Two years after the fall, he expanded his mission work using funds from his book and speaking engagements. In addition to the more than $150,000 raised for orphanages and homeless shelters, KC Wolf has visited orphanages in Haiti, Honduras, India, the Philippines and Tanzania.
“When we did our first mission trip to an orphanage in Haiti it made me realize just how blessed I am personally living here in the United States and that I’ve got this ridiculous platform to make an impact on people,” he says. “These kids don’t know who the Chiefs are or KC Wolf is. We just hope we can bring some joy to their lives.”
Dan stays busy all year long with hundreds of corporate and motivational speaking commitments in addition to his appearances as KC Wolf at weddings, parades and school programs.

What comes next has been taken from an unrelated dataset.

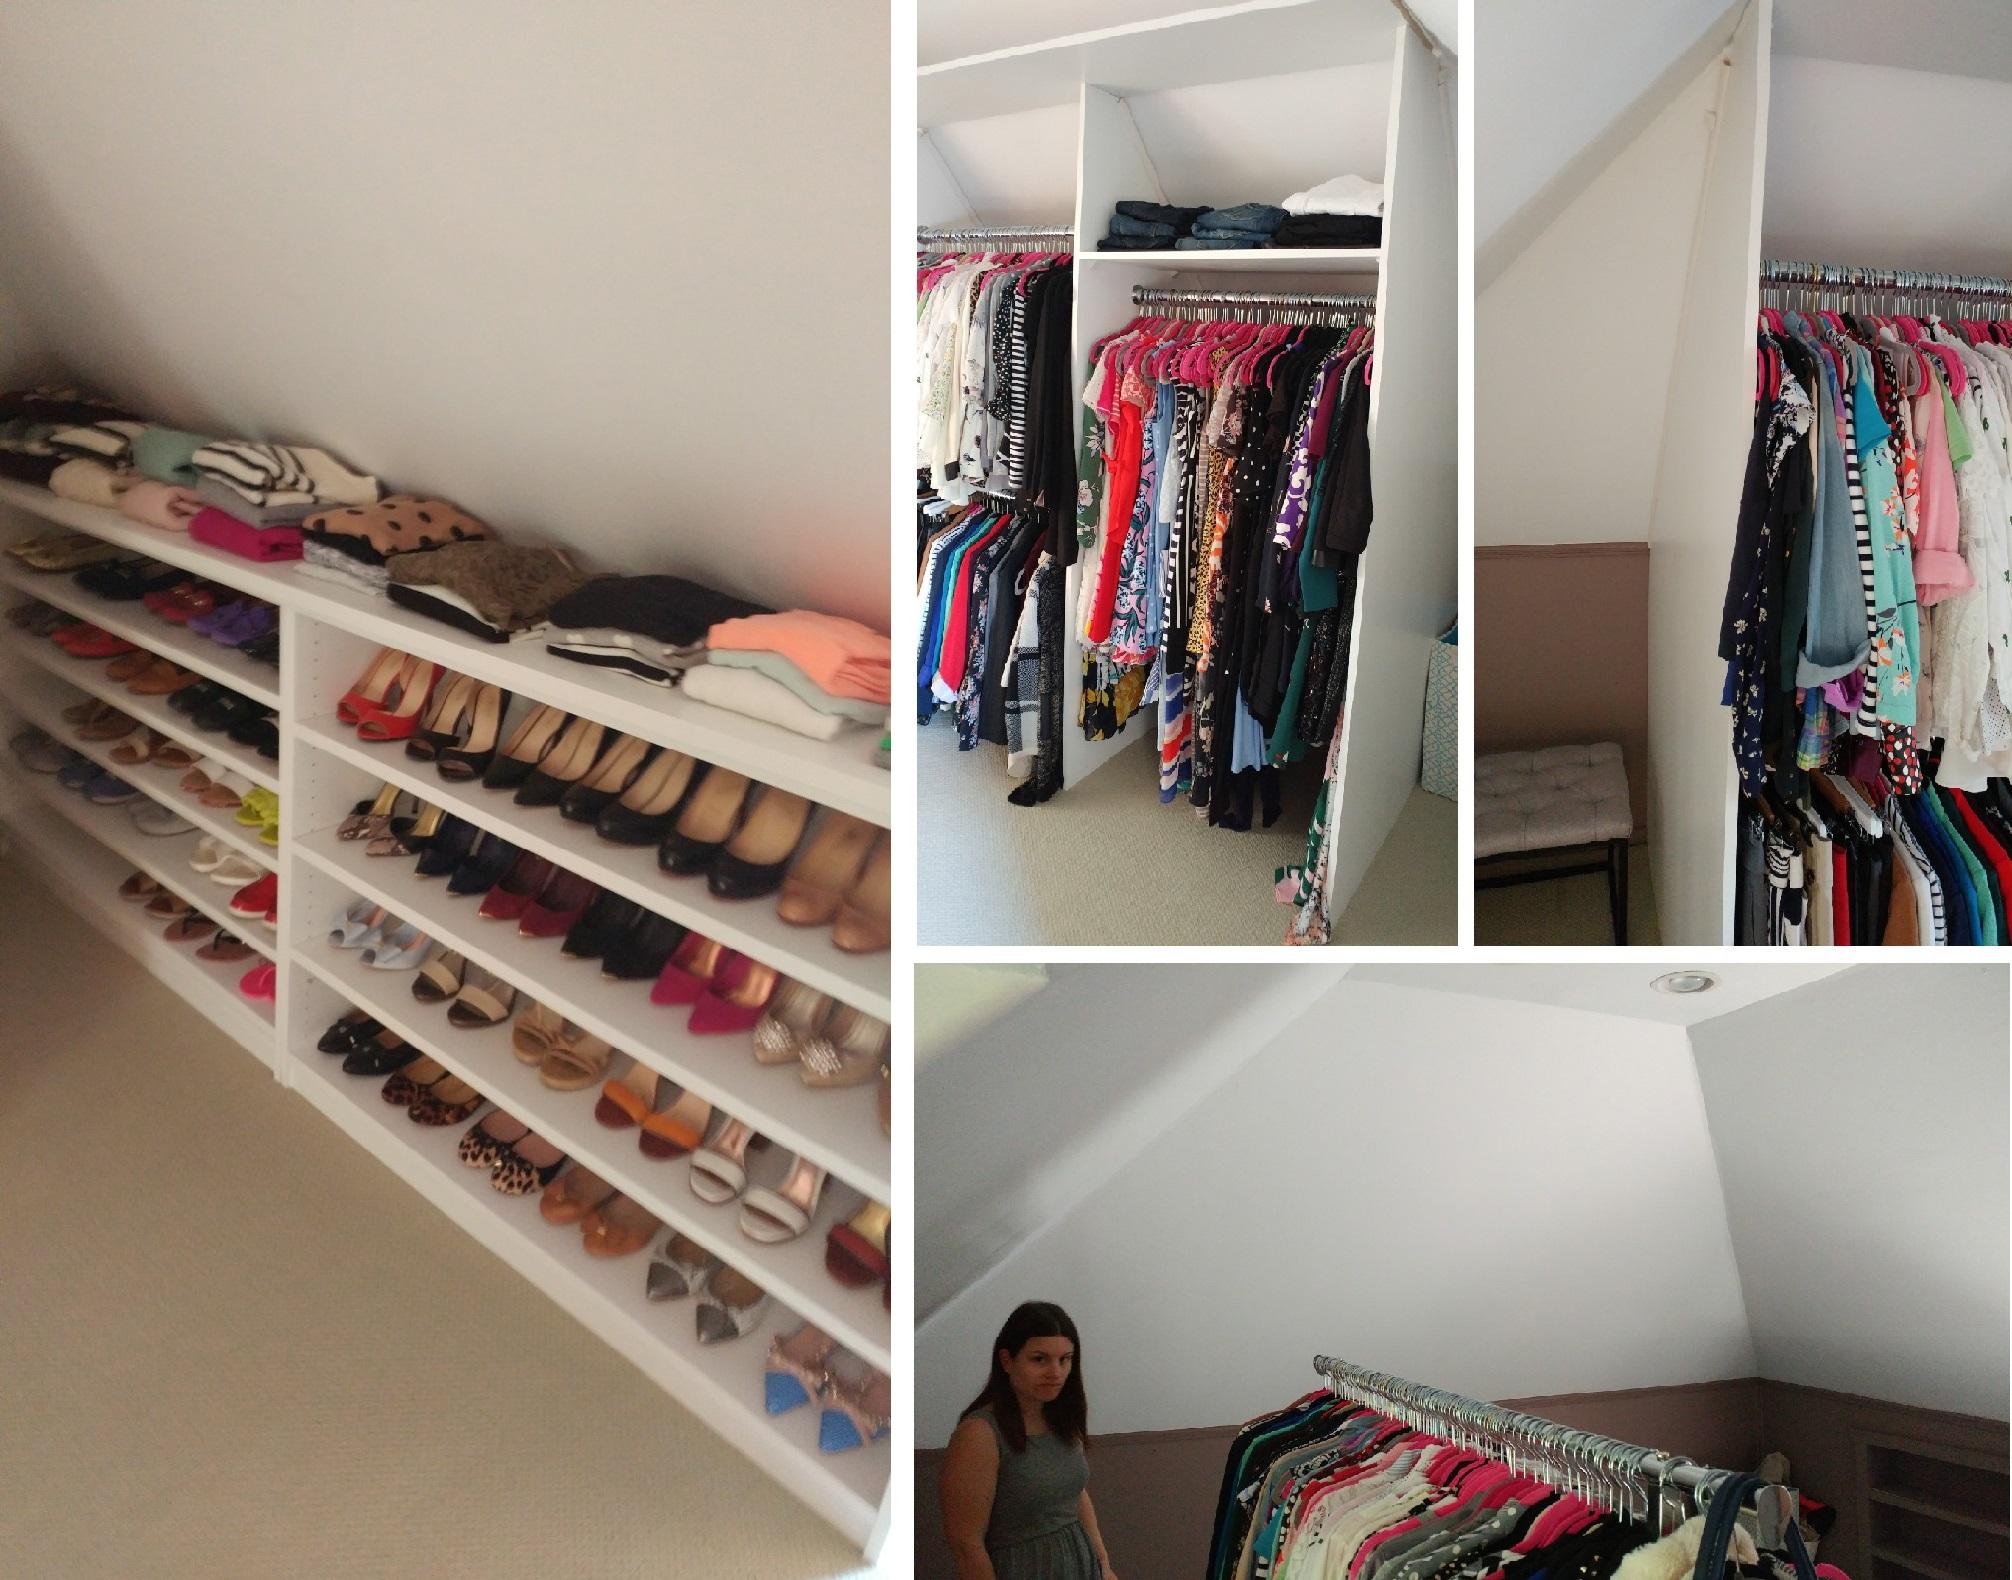 customized walk-in closet in the attic

About to start his 33rd season running around Arrowhead Stadium, Dan is the longest tenured NFL mascot by about 15 years, appearing in more than 350 games. He says his fall and lingering pain are a constant reminder to live each day to its fullest.
“What that little bungee jump did for me was let me realize that life is temporary,” Dan says. “I have a friend who tells me that we’re all like jugs of milk. We all have an expiration date, just ours isn’t printed on us. I can’t tell you what that date is for me. But I can tell you that between right now and that date, I intend to live life to the fullest and use my time, talents and treasures to make an impact on the lives of those around me.”